Leading open source large language models from China like DeepSeek and Qwen have become the standard all open source models are measured against. Topping benchmarks and seeing widespread adoption, these models have led many to believe that China has figured out the secret to AI innovation, and is poised to surpass the US in the AI race. However, as Victor Shih recently said on the Dwarkesh Podcast, the amount of wasteful spending in the technology sector in China is enormous, and the winners are merely an extremely small amount of outliers. Due to special interests and outright corruption, billions and billions of dollars are basically thrown down a hole. In this piece, we'll look at a phenomenon, a fad, that's likely going to cost the Chinese government and corporations billions of dollars.
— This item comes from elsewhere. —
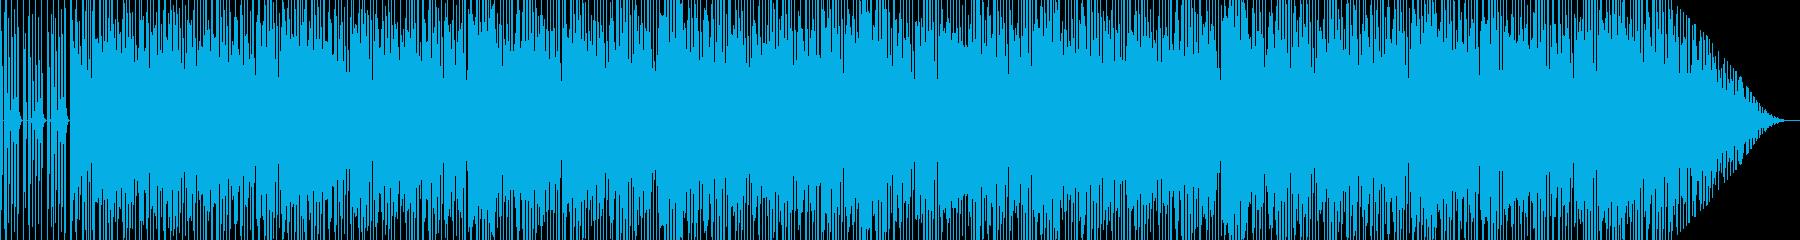 ギターのメインの踊りたくなるテクノポップの再生済みの波形

A DeepSeek console ad at the Shenzhen airport.
The DeepSeek Console
In early 2025, "DeepSeek consoles" suddenly became all the rage, especially among Chinese local governments and state-owned enterprises. Following DeepSeek's rise to stardom in late 2024, every company has its eyes set on deploying DeepSeek in its workplace like girls in west village trying to cop Trader Joe's tote bags. And very much like Trader Joe's tote bags for the NYC girlies, DeepSeek doesn't bring true value to most of these companies. It's a trend, a status symbol for leaders in these organizations to have the hottest buzzword tied to their names.
DeepSeek consoles are servers (mostly made by hardware firms unrelated to the AI labs) with open source LLMs like DeepSeek (and sometimes Qwen) pre-loaded. It's meant to be deployed on-prem (hosting the servers within their own data centers) to serve LLM queries. A console itself can cost anywhere between hundreds of thousands to over 2 million RMB (1 USD ≈ 7 RMB), with significant add-on costs such as software subscriptions and engineering support.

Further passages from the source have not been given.